[805] Constitution (de rentes) understood in the text.
[806] Guy Crescence Fagon (1638-1718) became in succession physician to the wife of the Dauphin, the queen, and the royal children, and in 1693, when dʼAquin fell into disgrace, first physician to Louis XIV. He was for his time an able and conscientious man. His eldest son became Bishop of Lombez, and his second intendant des finances.
[807] Fagon was a strenuous defender of emetics and of Peruvian bark, which latter remedy was first imported into France in the seventeenth century, and had become so popular that Jean la Fontaine sang its praises in a pretty long poem, le Quinquina, the French name of the Peruvian bark, so called after the Countess del Cinchon, wife of the Viceroy of Peru, whence the bark was first sent to Europe.
[808] Fagon was also professor of botany and chemistry in the kingʼs botanical garden, and one of the editors of its catalogue, called Hortus regius, published in 1665.

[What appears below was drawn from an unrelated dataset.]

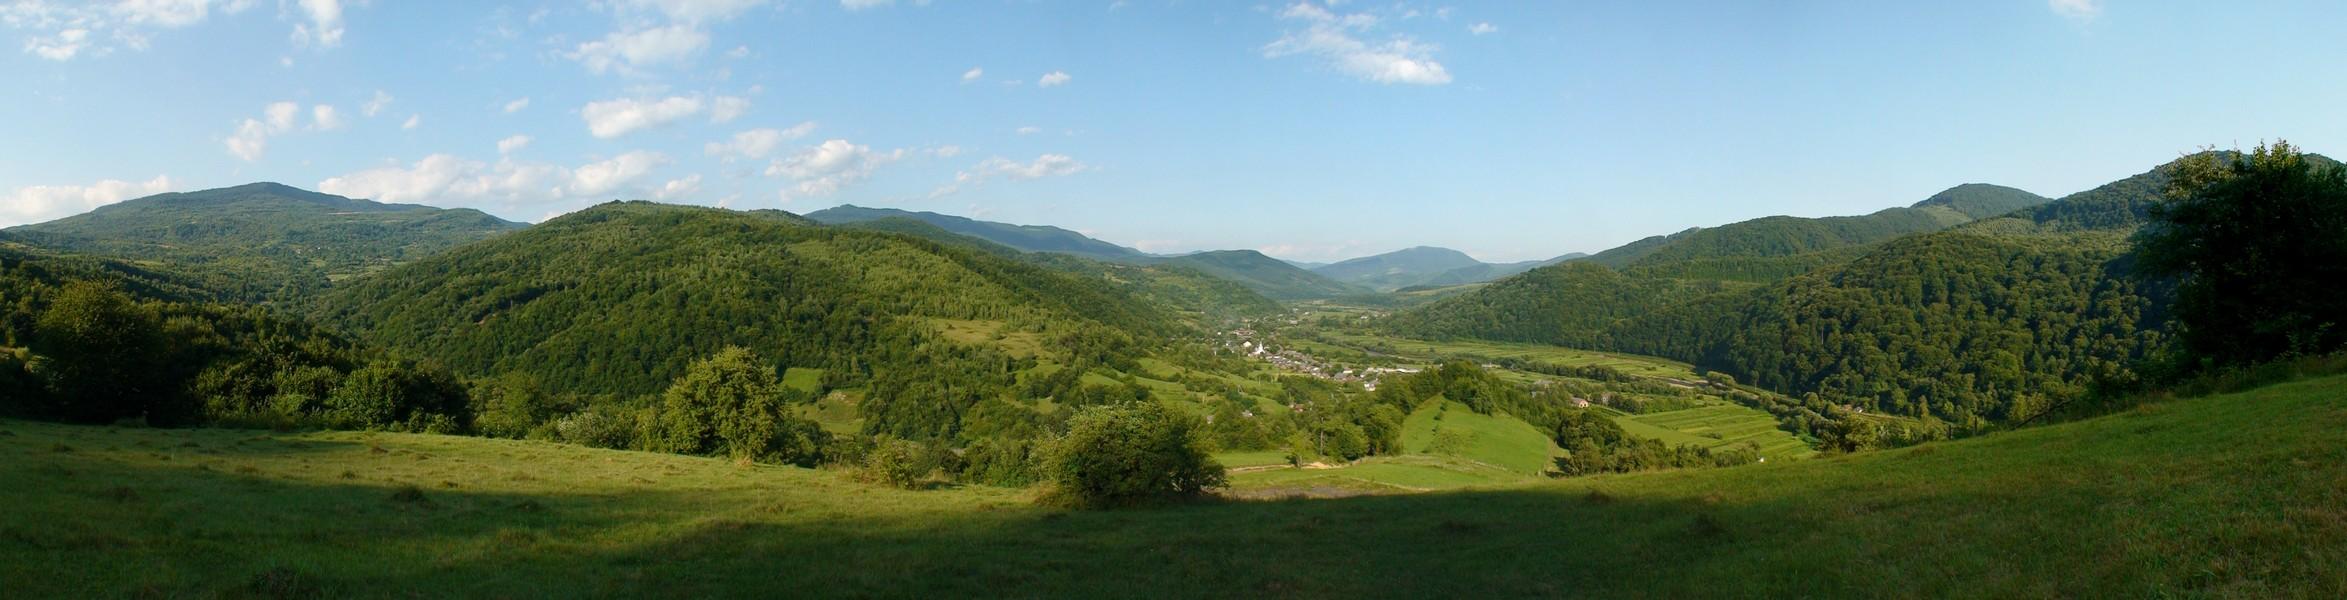 Туры по Закарпатью со встречей Пасхи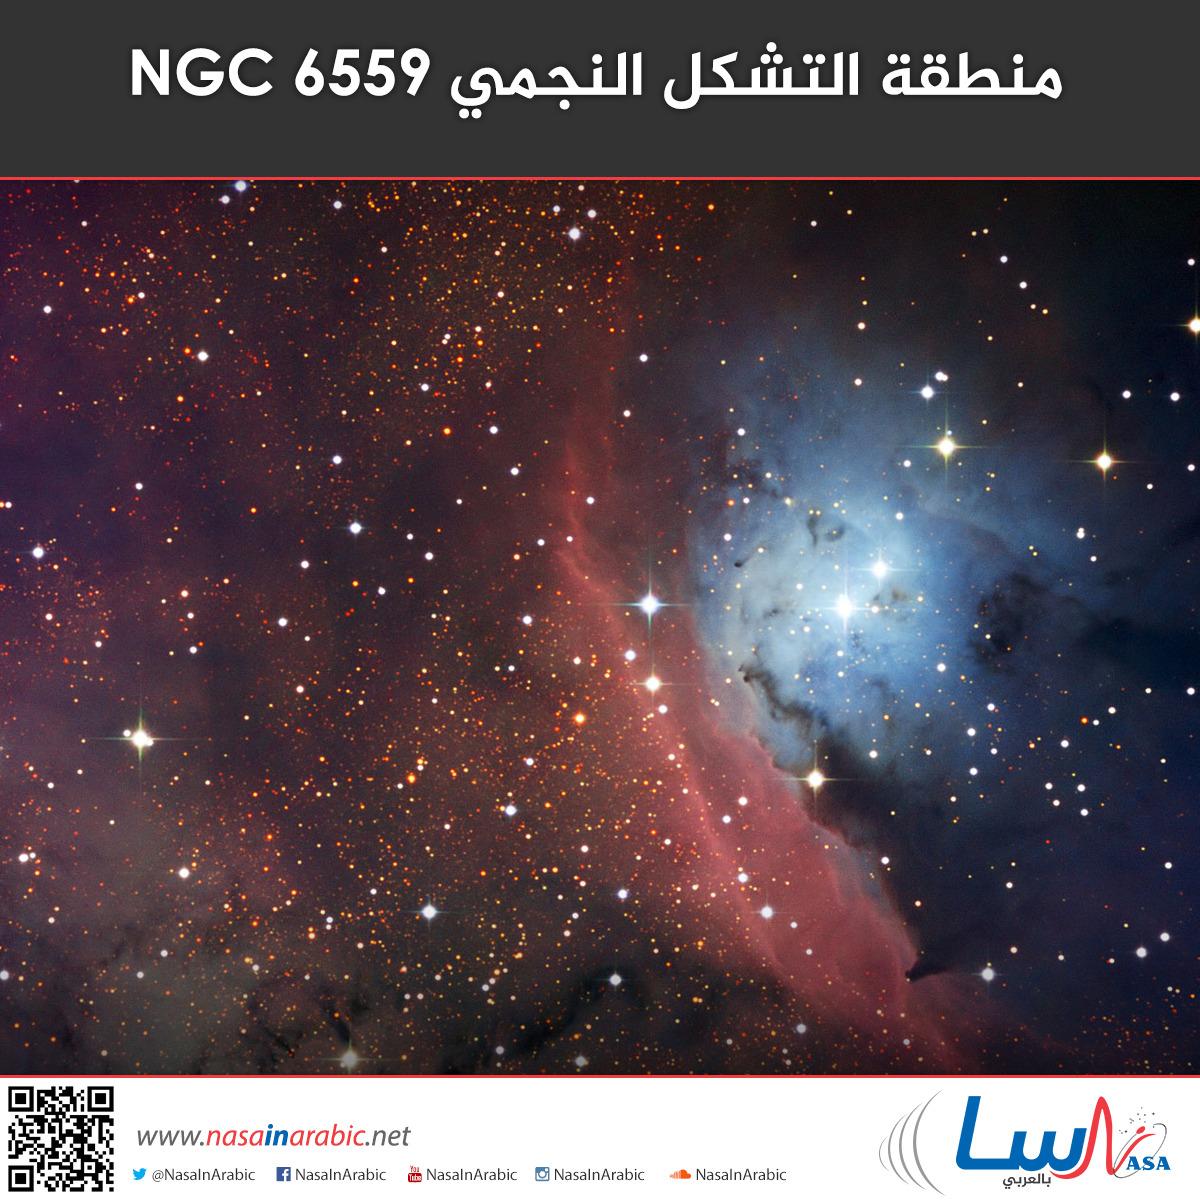 منطقة التشكل النجمي NGC 6559

[809] The belief in sorcerers and witchcraft was very general when our author wrote, and there existed an almost universal idea that robbers and murderers might be discovered by means of the motion of a hazel rod. Even the magistrates in France tried sometimes such a rod to find out criminals.
[810] Many eminent pedagogues have held a contrary opinion; for example, Malebranche in his Traité de Morale, and Jean Jacques Rousseau in his Emile, both maintain languages should be acquired when the child is not too young.
[811] The going “open-breasted” was the fashion of the time of Francis I.; ruffs and bands were worn in France during part of the reigns of Henri II. and Henri III., but were no longer in vogue when our author wrote; they were, however, still used in Spain.
[812] This is an allusion to the wearing of very tight silk stockings and short breeches, showing the legs.
[813] It was never the custom in France for ladies to hide their feet, but in Spain it was considered highly improper and indecent even to show the smallest part of them (see the Countess dʼAulnoy, Relation du Voyage en Espagne, 1690); and as the wife of Louis XIV., Maria Theresa, was a daughter of Philip IV. of Spain, it is probable that the ladies at court followed the fashion set to them by the queen.
[814] According to Voltaireʼs Siècle de Louis XIV., chap, viii., the king and his officers went, however, to the trenches wearing head-pieces and breast-plates.